Carbon atoms show `sp^(2)` hybridisation in compounds A and B. A decolourises alkaline potassium pemanganate solution whereas B cannot decolourise the solution. Then A and B are

To solve the problem, we need to analyze the information given about compounds A and B, which both show `sp²` hybridization in their carbon atoms. ### Step-by-Step Solution: 1. **Identify the Characteristics of Compounds A and B**: - Both compounds A and B have carbon atoms that are `sp²` hybridized. - Compound A can decolorize alkaline potassium permanganate (KMnO₄) solution, while compound B cannot. 2. **Understanding the Reaction with KMnO₄**: - Alkaline potassium permanganate is a strong oxidizing agent.

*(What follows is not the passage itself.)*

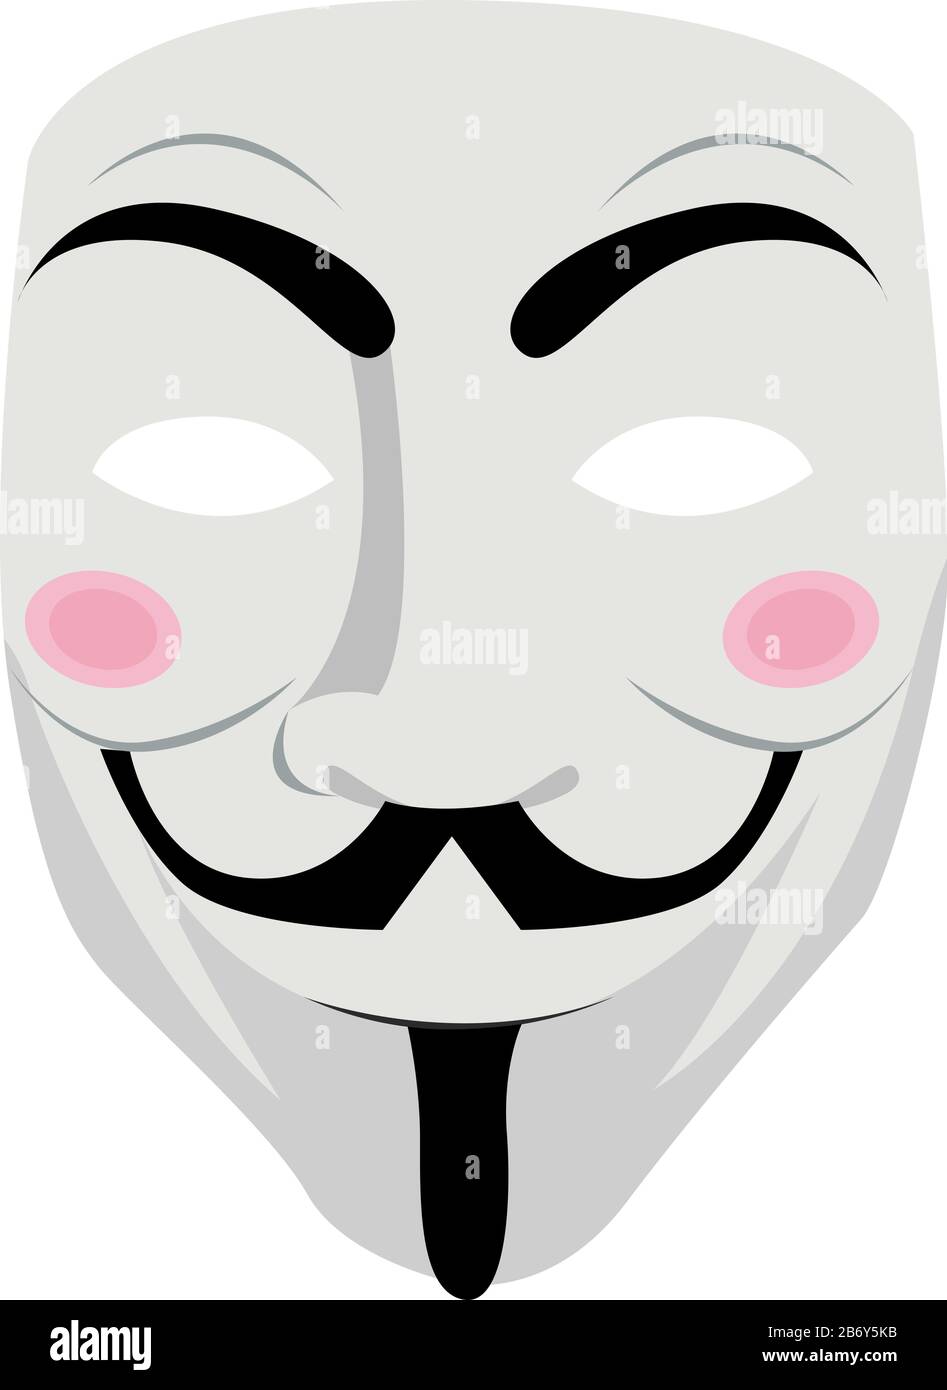 Guy fawkes mask Cut Out Stock Images & Pictures - Alamy

It typically reacts with alkenes (which have carbon-carbon double bonds) to form diols, resulting in the decolorization of the purple KMnO₄ solution. - Compounds that do not react with KMnO₄ are usually either saturated hydrocarbons (like alkanes) or compounds that do not have the necessary functional groups for oxidation. 3. **Analyzing Possible Compounds**: - **Compound A**: Since it decolorizes KMnO₄, it is likely an alkene (like propene or ethene) that can undergo oxidation. - **Compound B**: Since it does not decolorize KMnO₄, it is likely a compound that does not react with KMnO₄, such as benzene, which is an aromatic compound. 4. **Conclusion**: - Based on the above analysis, we can conclude that: - Compound A is likely ethene (C₂H₄) or propene (C₃H₆), as both are alkenes and can decolorize KMnO₄. - Compound B is benzene (C₆H₆), which does not react with KMnO₄ and thus does not decolorize the solution. 5. **Final Answer**: - Therefore, the answer is: - A = Ethene (C₂H₄) - B = Benzene (C₆H₆)